VM reports a spike in response time
search cancel

VM reports a spike in response time

book

Article ID: 392010

calendar_today

Updated On:

Products

VMware vSphere ESXi

Issue/Introduction

Symptoms : 

  • VM reports a spike in response time.

Environment

VMware vSphere ESXi 6.x
VMware vSphere ESXi 7.x
VMware vSphere ESXi 8.x

Cause

A spike in VM response time is because of the high DAVG values reported on storage device. This could be because of sudden spike in the I/O volume.

Cause validation:

  • The /var/run/log/vmkernel.log file indicates write aborts for storage device
    YYYY-MM-DDTHH:MM.SSSZ cpu4:2567223)PVSCSI: 2698: scsi2:48: SCSI ABORT ctx=0x1fd
    YYYY-MM-DDTHH:MM.SSSZ cpu4:2567223)qlnativefc: vmhba1(3a:0.1): qlnativefcTaskMgmt:2303:Task Mgmt abort on serial num 1fd
    YYYY-MM-DDTHH:MM.SSSZ cpu4:2567223)qlnativefc: vmhba1(3a:0.1): qlnativefcEhAbort:2745:SCSI command timeout counter incremented to 4
    YYYY-MM-DDTHH:MM.SSSZ cpu4:2567223)qlnativefc: vmhba1(3a:0.1): qlnativefcEhAbort:2750:qlnativefcEhAbort: aborting sp 0x45ea59c1dd00 handle 302 from RISC. serialNumber=1fd, Command timeout=47822 sec.
    YYYY-MM-DDTHH:MM.SSSZ cpu4:2567223)qlnativefc: vmhba1(3a:0.1): qlnativefcEhAbort:2763:qlnativefcEhAbort: abortCommand mbx success.
    YYYY-MM-DDTHH:MM.SSSZ cpu91:2098572)qlnativefc: vmhba1(3a:0.1): qlnativefcStatusEntry:2077:C0:T23:L102 - FCP command status: 0x5-0x0 (0x8) portid=3e0e21 oxid=0x63 cdb=2a0000 len=14336 rspInfo=0x0 resid=0x0 fwResid=0x0 host status = 0x8 device status $
    YYYY-MM-DDTHH:MM.SSSZ cpu91:2098572)NMP: nmp_ThrottleLogForDevice:3867: Cmd 0x2a (0x45ea6f60a108, 2567217) to dev "naa.################################" on path "vmhba1:C0:T23:L102" Failed:
    YYYY-MM-DDTHH:MM.SSSZ cpu91:2098572)NMP: nmp_ThrottleLogForDevice:3875: H:0x8 D:0x0 P:0x0 . Act:EVAL. cmdId.initiator=0x430e9e635c40 CmdSN 0x1fd
    YYYY-MM-DDTHH:MM.SSSZ cpu91:2098572)WARNING: NMP: nmp_DeviceRequestFastDeviceProbe:237: NMP device "naa.xxxxxxxxxxxxxxxxxxxxxxxxxxxxxxxx" state in doubt; requested fast path state update...
    YYYY-MM-DDTHH:MM.SSSZ cpu91:2098572)ScsiDeviceIO: 4115: Cmd(0x45ea6f60a108) 0x2a, CmdSN 0x1fd from world 2567217 to dev "naa.xxxxxxxxxxxxxxxxxxxxxxxxxxxxxxxx" failed H:0x8 D:0x0 P:0x0

  • Review the ESXTOP data, validate if there is a spike in DAVG values.

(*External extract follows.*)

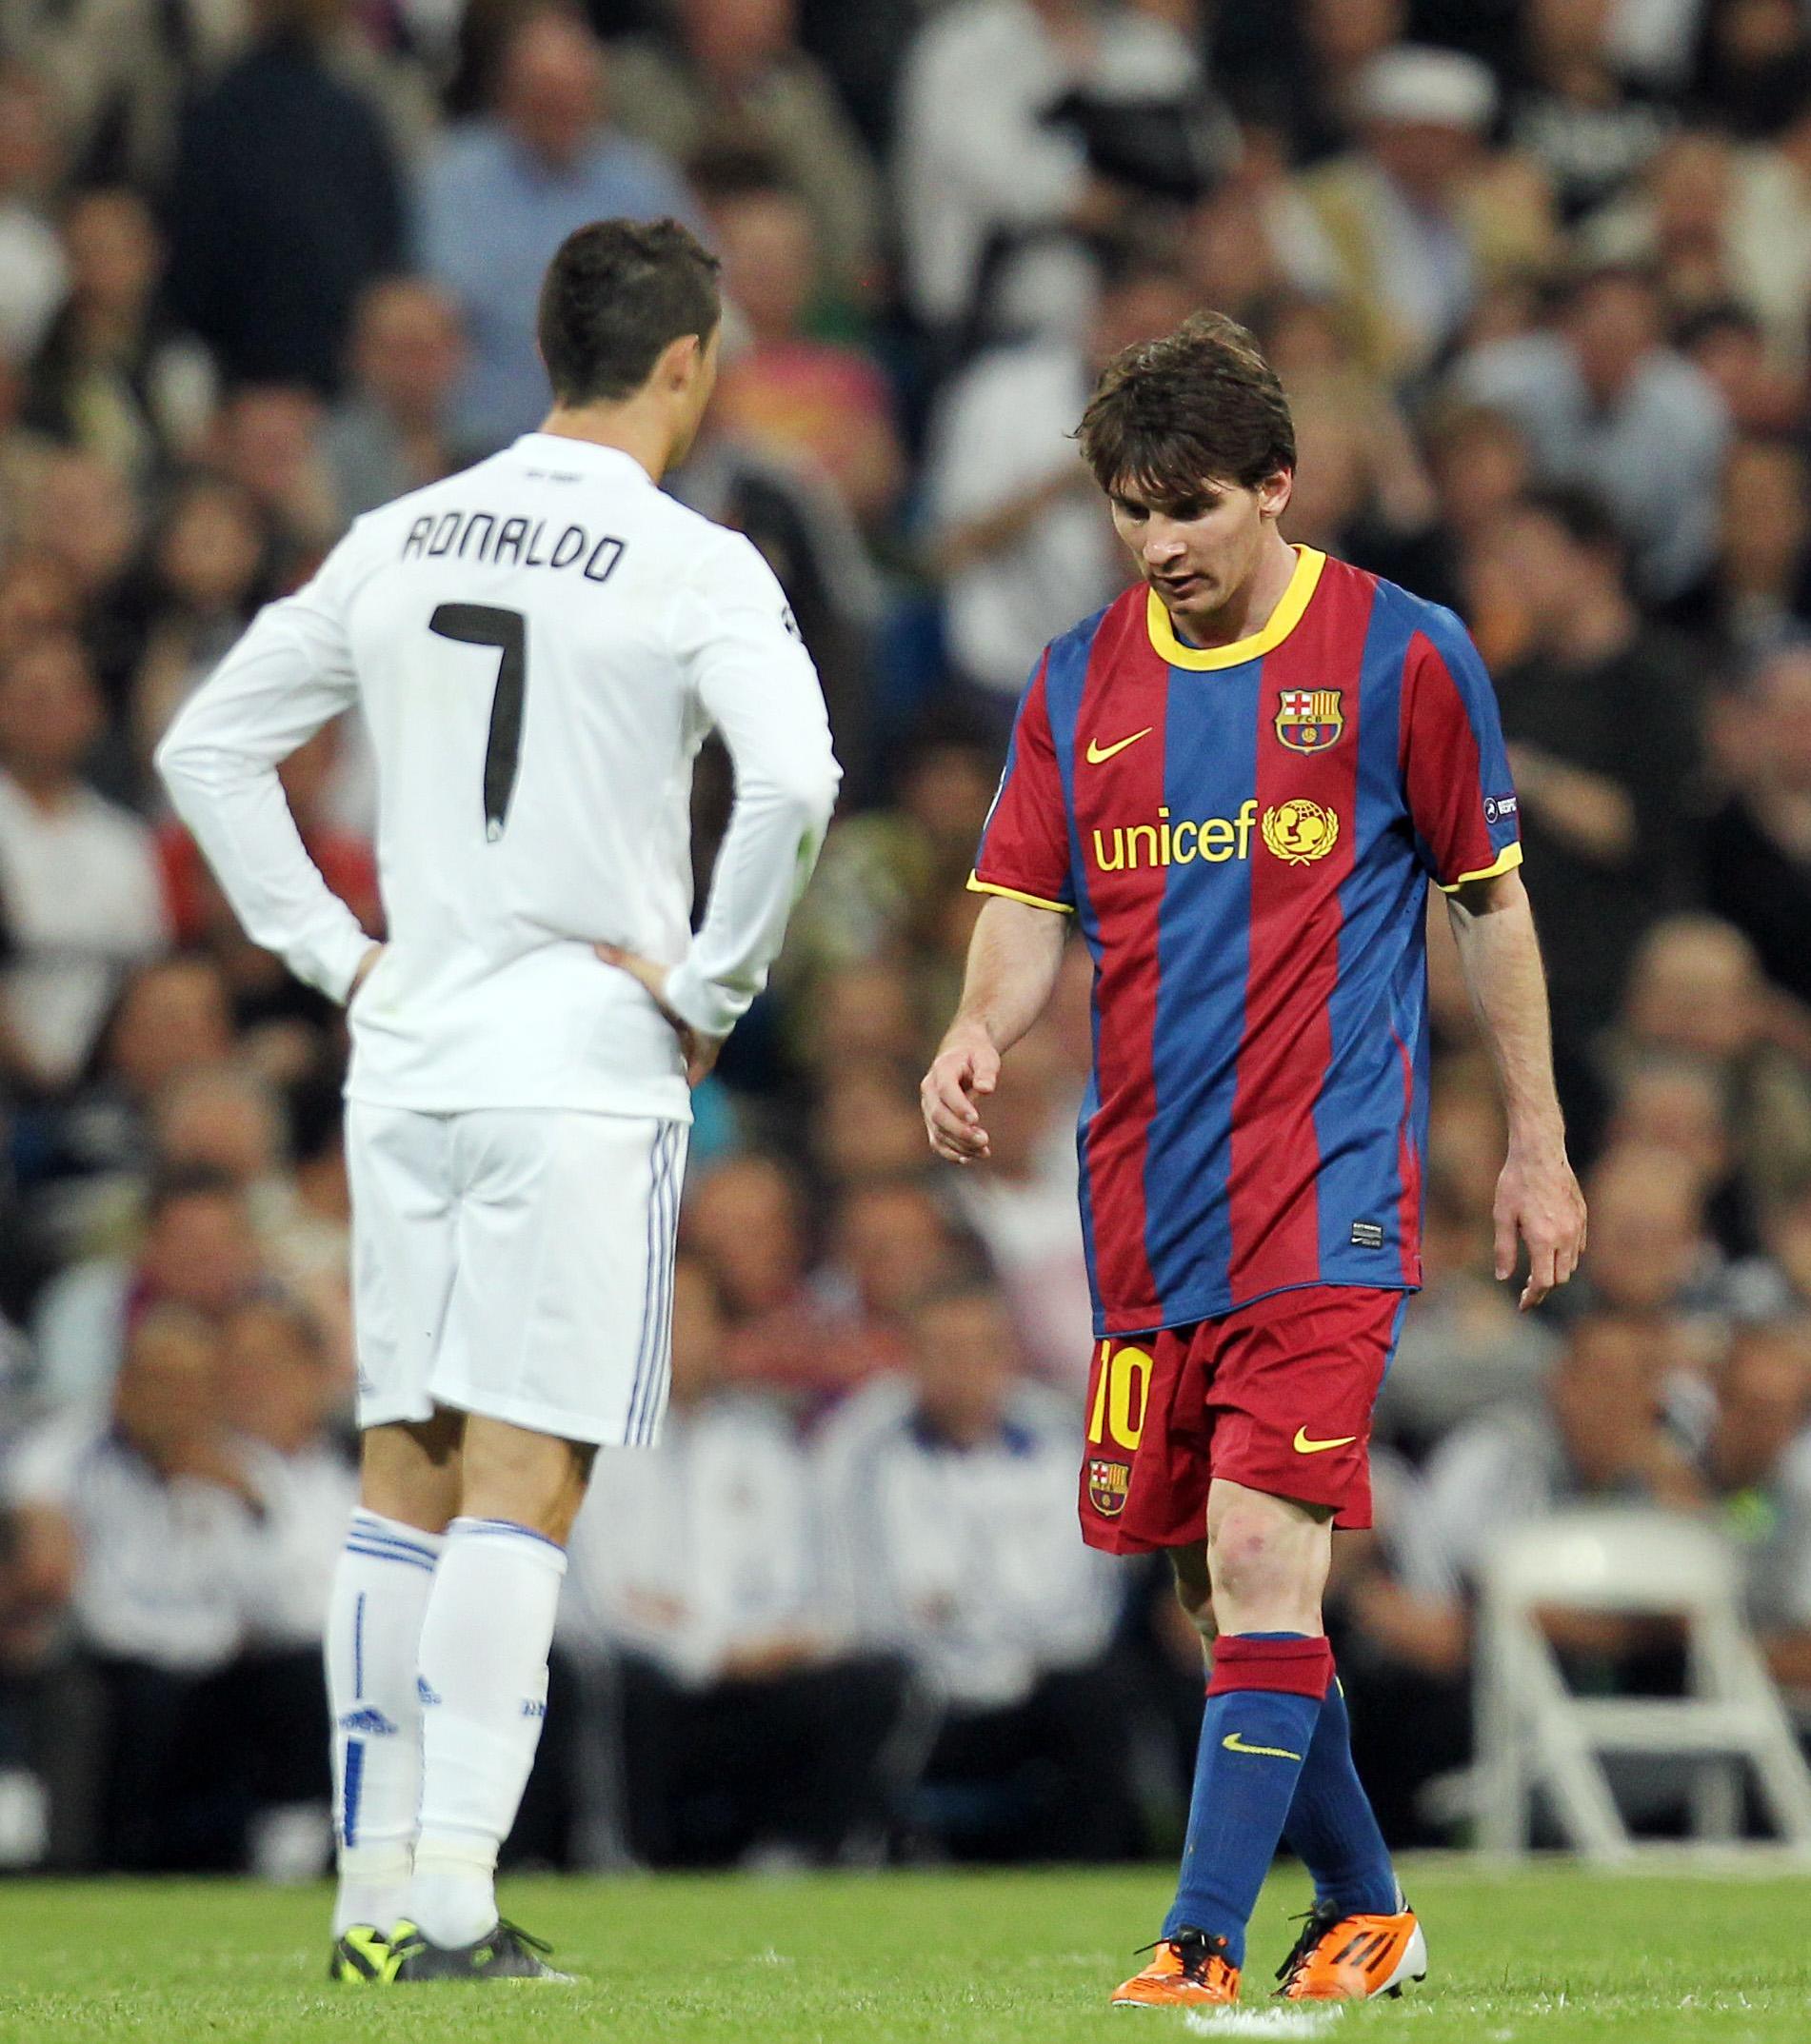 Champions League: Messi and Ronaldo will face each other, PSG to

    From the above graph it is confirmed that the there is a spike in DAVG value. Refer Using esxtop to identify storage performance issues for ESXi (multiple versions)

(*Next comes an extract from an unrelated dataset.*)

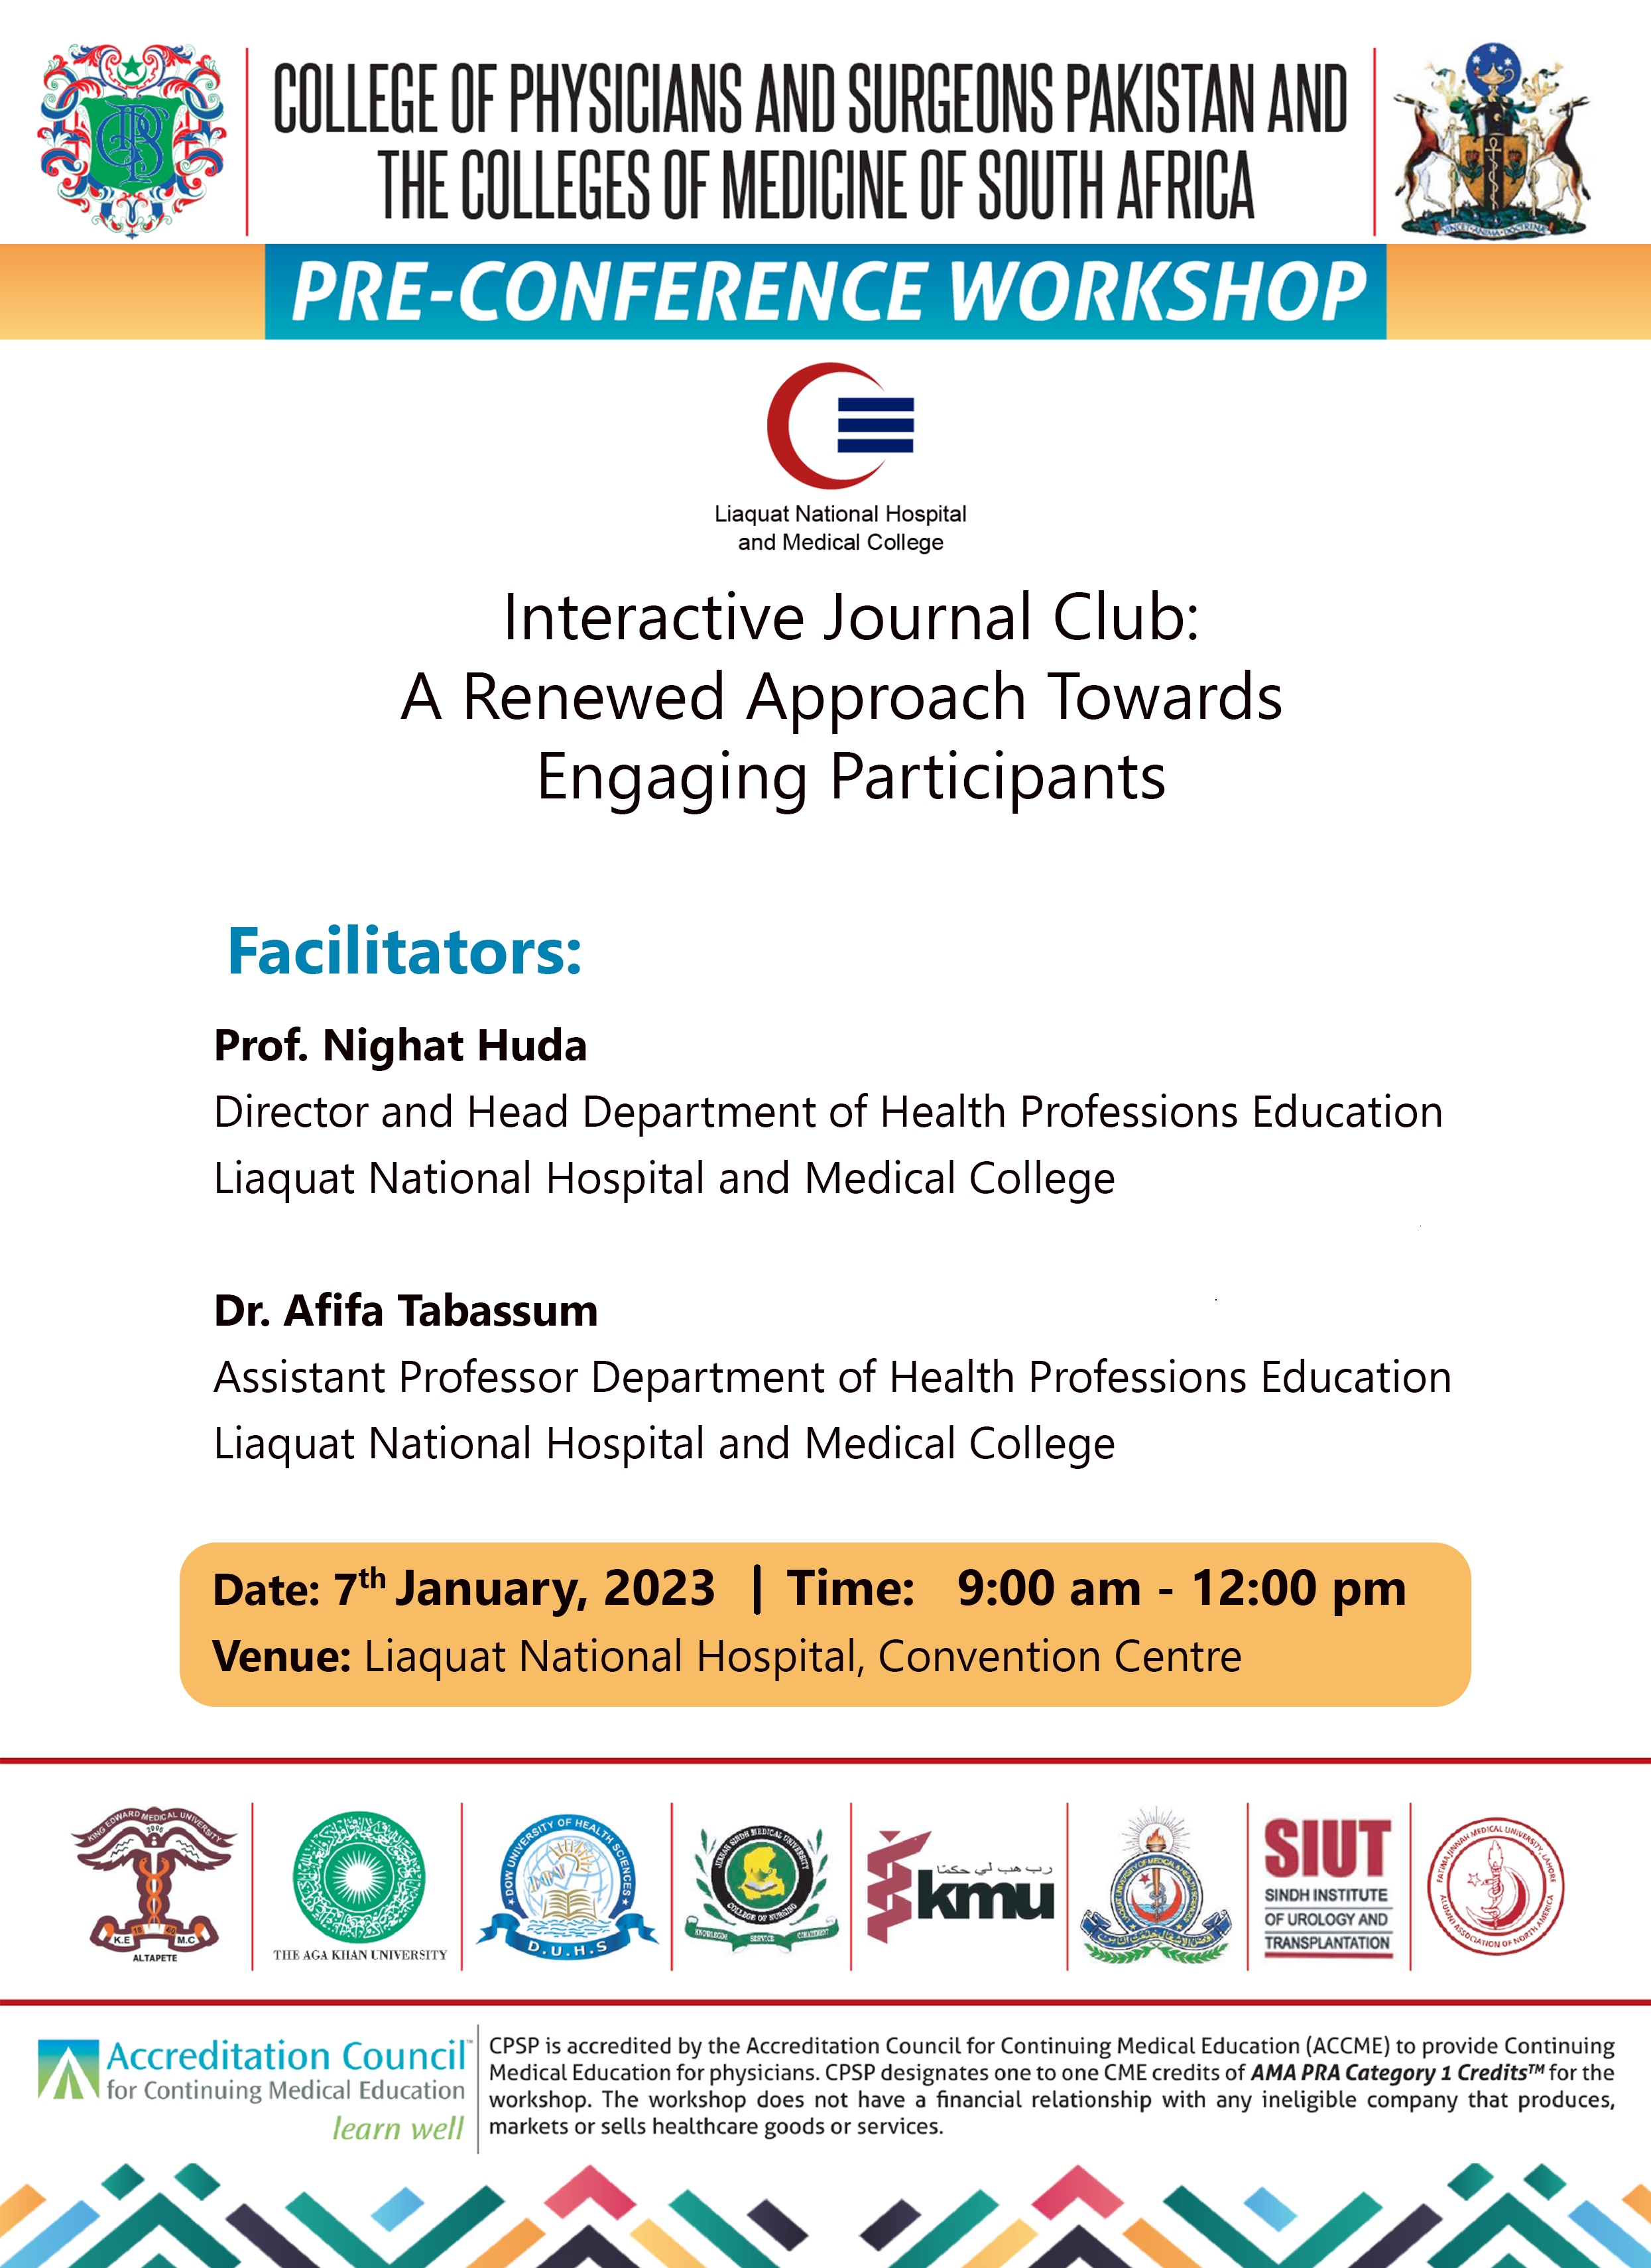 Pre-conference Workshop- Interactive Journal Club: A Renewed Approach towards Engaging Participants

    DAVG : This is the average response time in milliseconds per command being sent to the device.

    SCSI sense codes:
    H:0x8 - This status is returned when the HBA driver has aborted the I/O. It can also occur if the HBA does a reset of the target.
    0x2a - Write

Resolution

Please involve storage vendor to further investigate on the sudden spike in DAVG values and the write aborts.